Tagore was not keen for the attainment of political freedom. He believed that unless there is not an ‘atmasakti’ in us, we cannot be worthy of freedom. Tagore believed that spiritual liberation was an integral part in the attainment of political and social liberation. Emphasizing on this idea of atmasakti, he said that in order to regain atmasakti, regeneration of rural society was essential. He made an effort in forming a rural society where there will be a social hierarchy and at the top of the hierarchy, there will be a Samajpati through whom the people would be able to maintain contact with everybody in society. He said that regeneration of rural society was possible by encouraging yatras, folk-songs and organizing village fairs. We can see that he establishes this idea in his play, ‘The Post-office’.  Here he presents an ideal village scenario where the King is the Samajpati through whom the villagers are connected. He wanted self-sufficiency of the villages like old times. Though, his attempts failed in forming this kind of a society.

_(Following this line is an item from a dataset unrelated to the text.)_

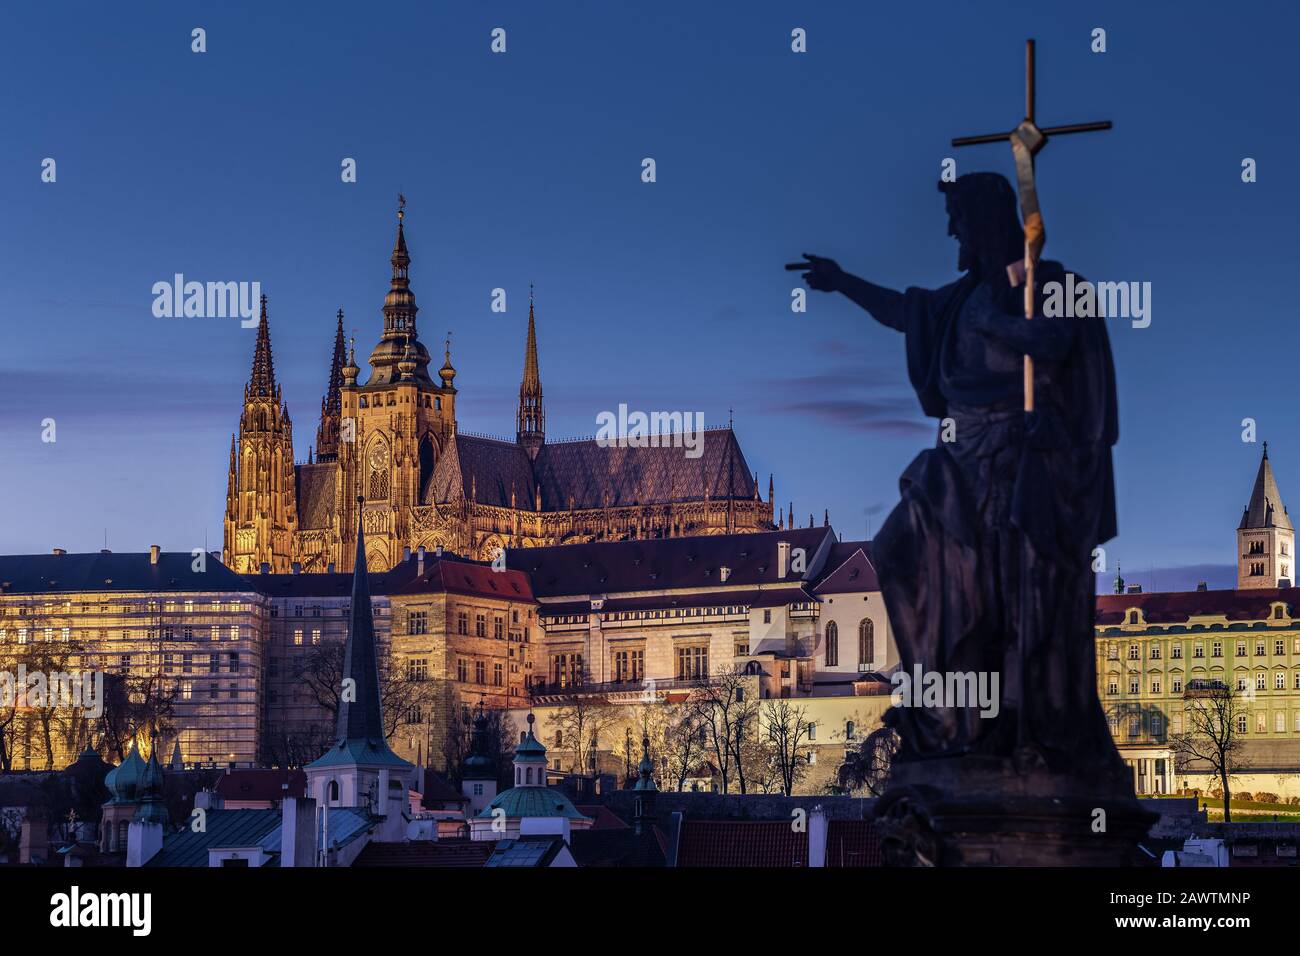 Prague, République tchèque - Cathédrale Lumineuse de St.Vitus au crépuscule avec ciel bleu clair pris du pont Charles pendant une nuit d'hiver. Statue I hors foyer Banque D'Images

Defending his idea of a hierarchical state he displays in his play, "The King and the Queen", the sympathetic Queen eventually rebels against the callousness of state policy toward the hungry. She begins by inquiring about the ugly sounds outside the palace, only to be told that the noise is coming from "the coarse, clamorous crowd who howl unashamedly for food and disturb the sweet peace of the palace." The Vice regal office in India could have taken a similarly callous view of Indian famines, right up to the easily preventable Bengal famine of 1943, just before independence, which killed between two and three million people. But a government in a multi-party democracy, with elections and free newspapers, cannot any longer dismiss the noise from "the coarse, clamorous crowd."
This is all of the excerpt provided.